Electric cars to make bigger impact than electric homes

Selling more fuel-efficient cars in Australia will have a bigger environmental impact than disconnecting all homes from gas, a report has found.

Analysis by the Climate Council, released on Wednesday, found Australia’s New Vehicle Efficiency Standard could cut carbon emissions from transport by 20 million tonnes in 2030, and by 80 million tonnes in 2035.

The figure comes despite compromises in the federal government’s proposal that will give automakers more generous emission allowances for commercial vehicles, such as utes, vans and large SUVs.

The fuel-efficiency standard is expected to be debated in parliament in the coming weeks and introduced in January 2025.

The Climate Council’s analysis compared projections from the Department of Transport with emissions from 5.1 million homes connected to gas.

It found the proposed vehicle emission cuts would save the same amount of carbon emissions as disconnecting all Australian homes from gas for more than two years.

By 2035, the study found, Australia’s fuel-efficiency rules would save the same amount of pollution produced by residential gas appliances over more than nine years.

Climate Council policy and advocacy head Jennifer Rayner said the figures showed how important it was for Australia to invest in more energy-efficient forms of transport.

“We can slash climate pollution from transport by cleaning up our cars,” she said.

“Capping the amount of climate pollution new cars produce is a long-overdue piece of the puzzle in giving Australians access to the same clean, efficient cars millions are already buying overseas.”

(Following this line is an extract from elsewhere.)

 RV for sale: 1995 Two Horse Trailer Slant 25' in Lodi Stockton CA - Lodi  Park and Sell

Energy Minister Chris Bowen and Transport Minister Catherine King launched the government’s final New Vehicle Efficiency Standard proposal late last month, revealing plans to cut emissions from new passenger vehicles by 60 per cent in 2029.

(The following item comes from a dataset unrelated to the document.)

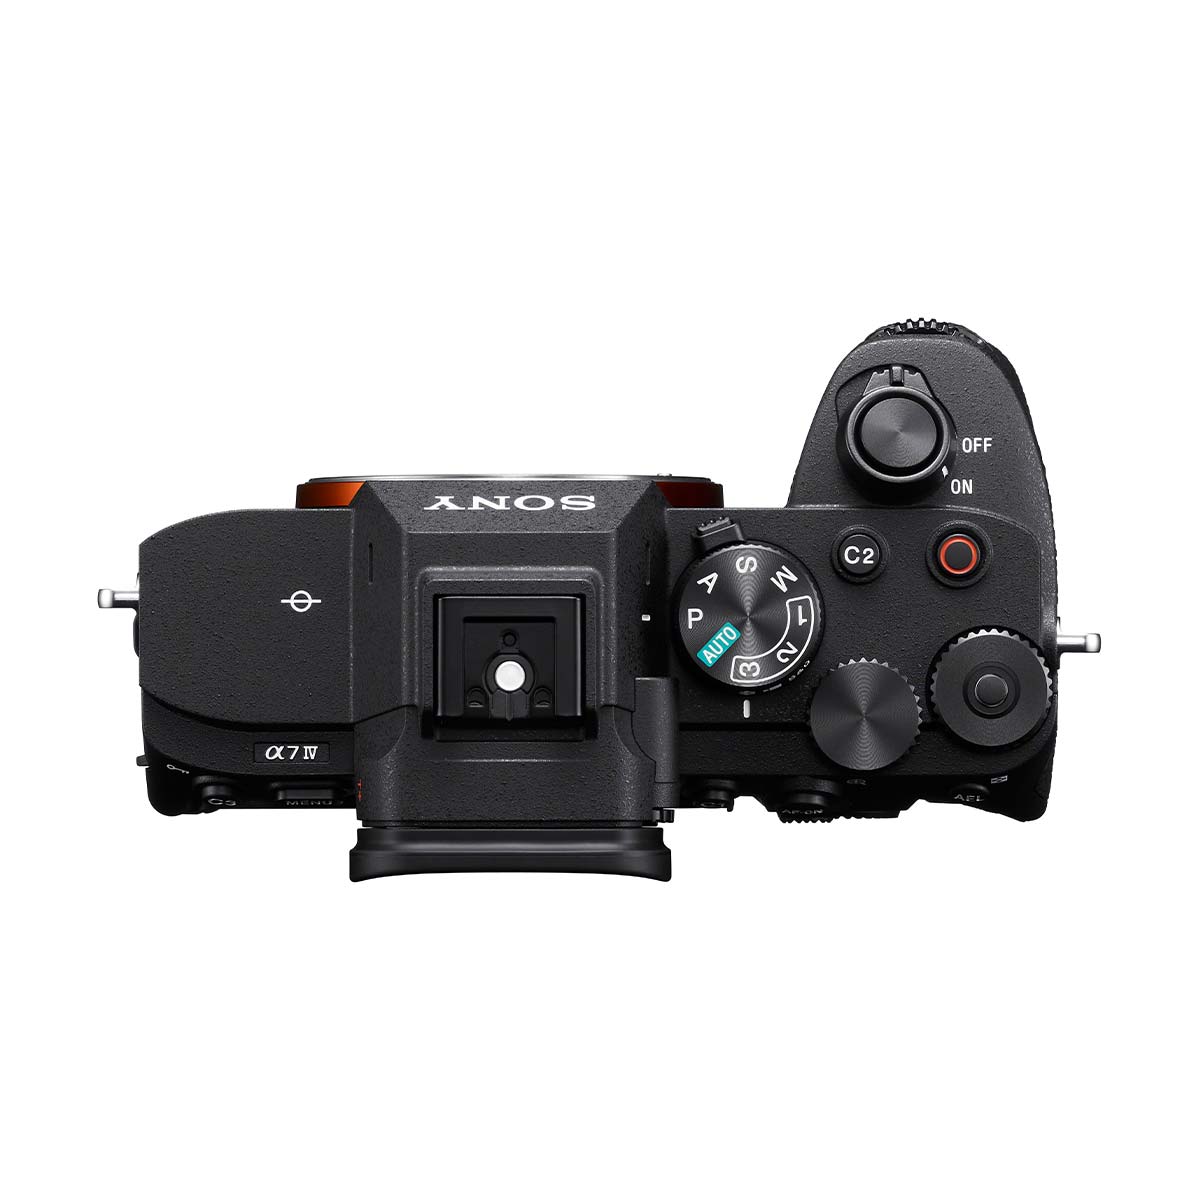 Sony Alpha a7 IV with FE 28-70mm f3.5-5.6 OSS Lens Kit

The government will introduce lower pollution cuts for light commercial vehicles, such as utes and vans, as well as some large SUVs, with a target of 50 per cent in 2029.

Penalties for exceeding annual targets set under the standard will not apply until July 2025.

Dr Rayner said the next step for the government to cut transport pollution in Australia should be greater investments in active transport options, including cycling and walking infrastructure.

“Australians deserve more transport options which get us from A to B in ways that benefit our hip pockets, health and environment,” she said.

“Shared and active transport is the next train off the platform for action to keep slashing climate pollution further and faster this decade.”